German automaker Daimler pleaded guilty to US charges of bribery and agreed to pay 185 million dollars to settle the affair, the US government said Thursday.
The Justice Department said Daimler and three of its subsidiaries had resolved charges related to a Foreign Corrupt Practices Act (FCPA) investigation into the company’s worldwide sales practices.
US District Court Judge Richard Leon approved the settlement at a hearing Thursday in Washington.
“Daimler AG’s Russian subsidiary DaimlerChrysler Automotive Russia SAO (DCAR), now known as Mercedes-Benz Russia SAO, and its German subsidiary, Export and Trade Finance GmbH (ETF), each pleaded guilty to criminal informations charging the companies with one count of conspiracy to violate the anti-bribery provisions of the FCPA and one count of violating those provisions,” the Justice Department said in a statement.
As part of the plea agreements, DCAR and ETF agreed to pay criminal fines of 27.3 million dollars and 29.12 million dollars, respectively, part of the 93.6 million in criminal fines and penalties that Daimler and its subsidiaries paid in total, it said.
“These are significant and widespread violations,” said prosecutor John Darden, speaking in federal court on behalf of the US government.
Darden noted that the sentence is clearly below federal sentencing guidelines.
“Daimler showed excellent cooperation,” said Darden. “The company has undertaken an effort to clean its own house.
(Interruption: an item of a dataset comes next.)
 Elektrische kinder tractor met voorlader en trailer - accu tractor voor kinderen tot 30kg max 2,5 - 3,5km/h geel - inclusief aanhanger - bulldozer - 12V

That reflects a serious change of mind on part of Daimler. This deserves credit.”
Judge Leon acknowledged that it was “a very complex case” as he accepted the plea agreement.
In a separate, related civil case, Daimler agreed to pay 91.4 million dollars to settle a case filed by markets regulator the US Securities and Exchange Commission.
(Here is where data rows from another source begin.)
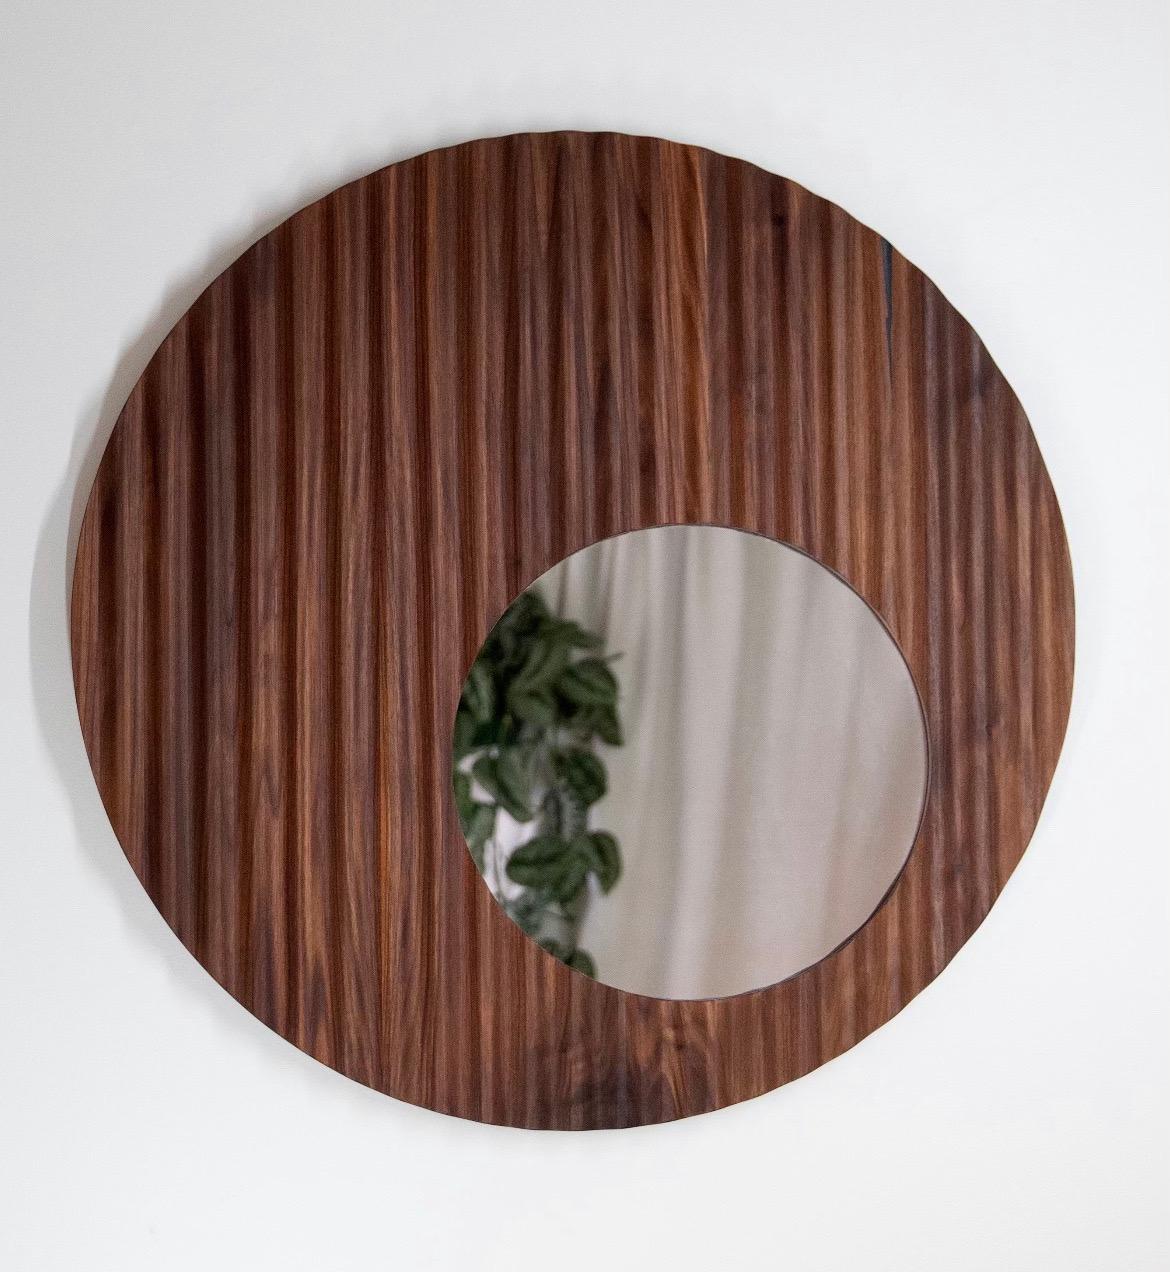 Der Ruffle-Spiegel wurde von North Carolina entworfen  Handwerker Travis Hyatt. Dieser Spiegel lässt sich nahtlos in jeden Einrichtungsstil integrieren. Es fängt Licht und Schatten wunderschön ein und hebt die natürliche Holzmaserung hervor. Mit
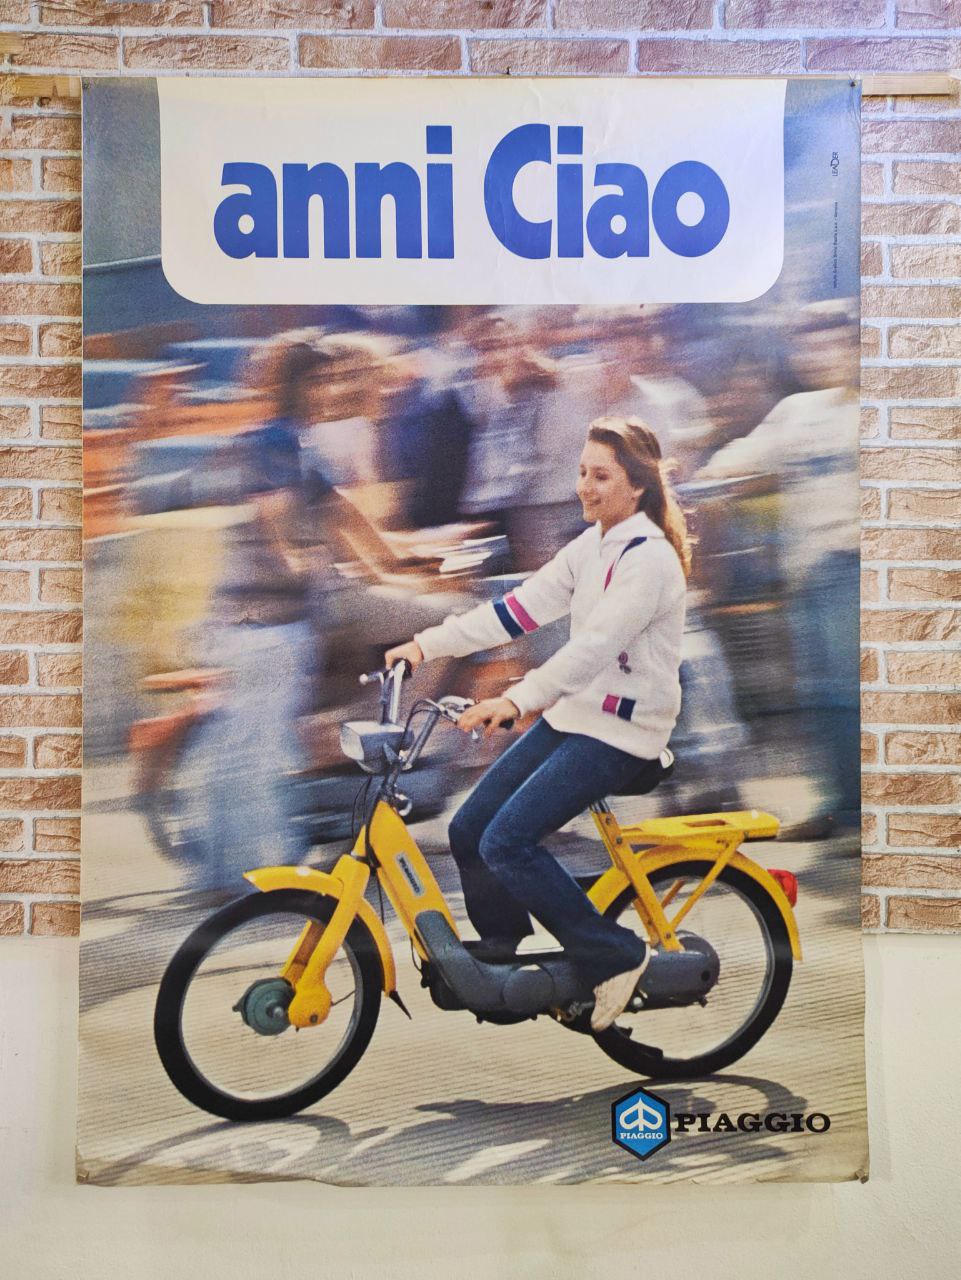 Manifesto originale pubblicitario - Piaggio anni Ciao
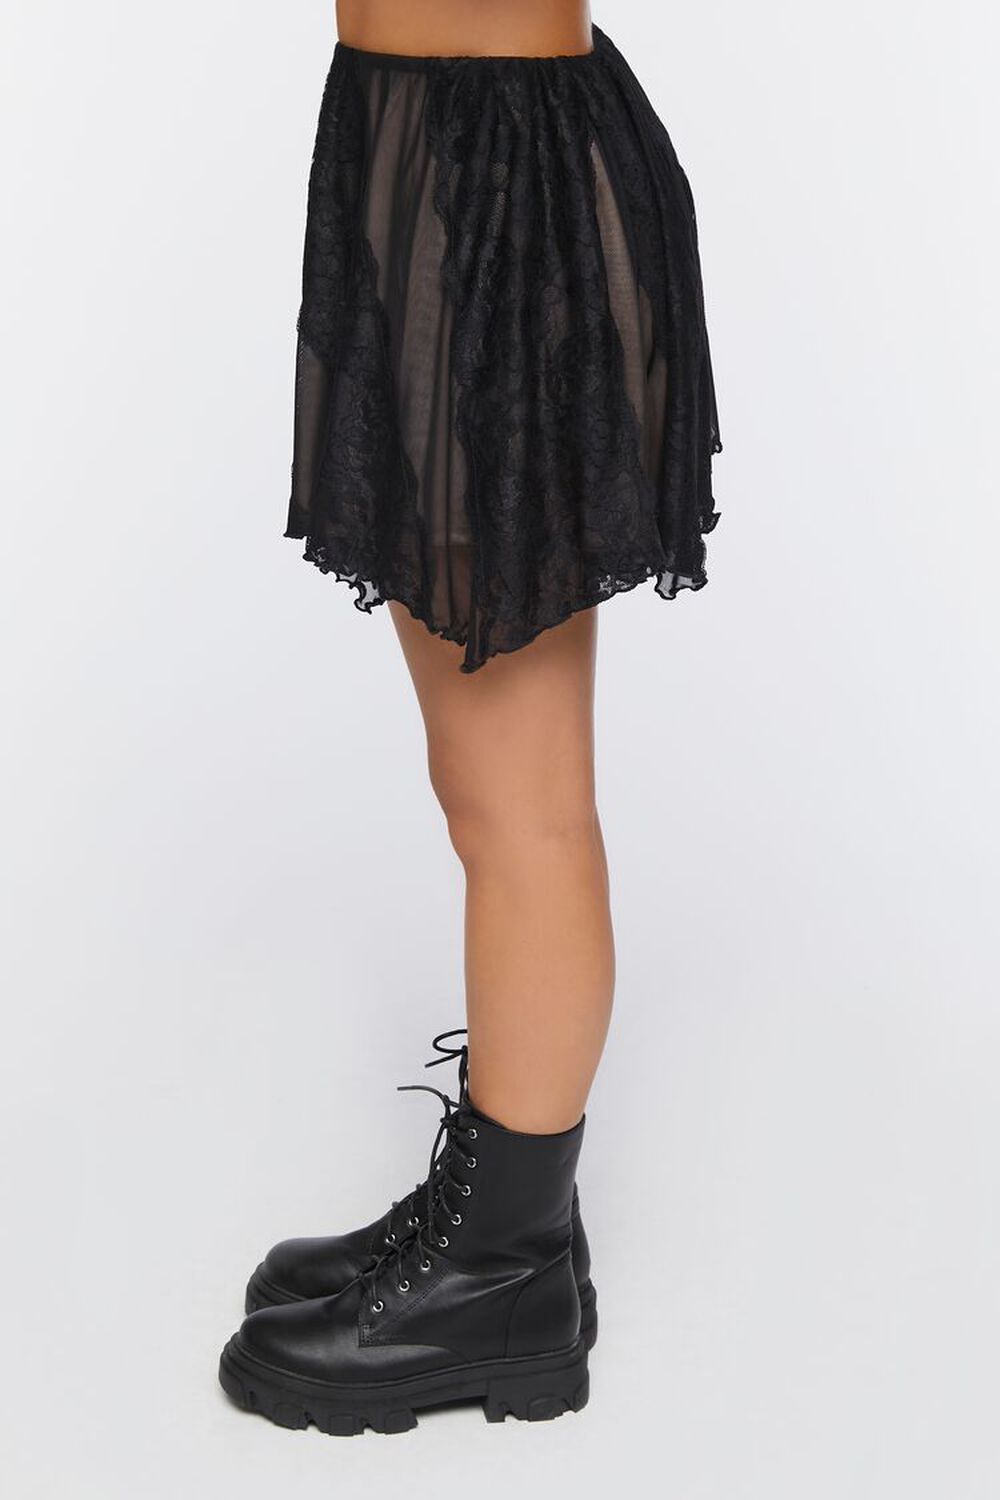 BLACK Mesh Handkerchief Mini Skirt, image 3

Daimler had earlier admitted to making hundreds of improper payments worth tens of millions of dollars to foreign government officials in at least 22 countries between 1998 and 2008, according to a deferred prosecution agreement filed in a Washington court.
The kickbacks of cash and gifts of luxury armored cars, golf clubs and vacations helped secure government contracts worth millions of dollars in China, Russia, Thailand, Greece, Iraq and other countries.
Prosecutors recommended that the judge impose the 93.6-million-dollar fine and accept the guilty plea of two Daimler subsidiaries. They noted that Daimler had mended its ways and cooperated fully with the investigation.
Daimler regularly presented its findings to prosecutors, fired 45 employees implicated in the bribery and reformed its practices, prosecutors wrote.
The fines are significantly smaller than the 800 million dollars German industrial giant Siemens paid in 2008 to settle a US investigation into its bribery of officials to secure contracts in Argentina, Bangladesh, Iraq and Venezuela.
The bribery first came to light in 2004 when a former Daimler employee filed a whistleblower complaint saying he’d been fired for voicing concern about secret accounts maintained to pay the bribes.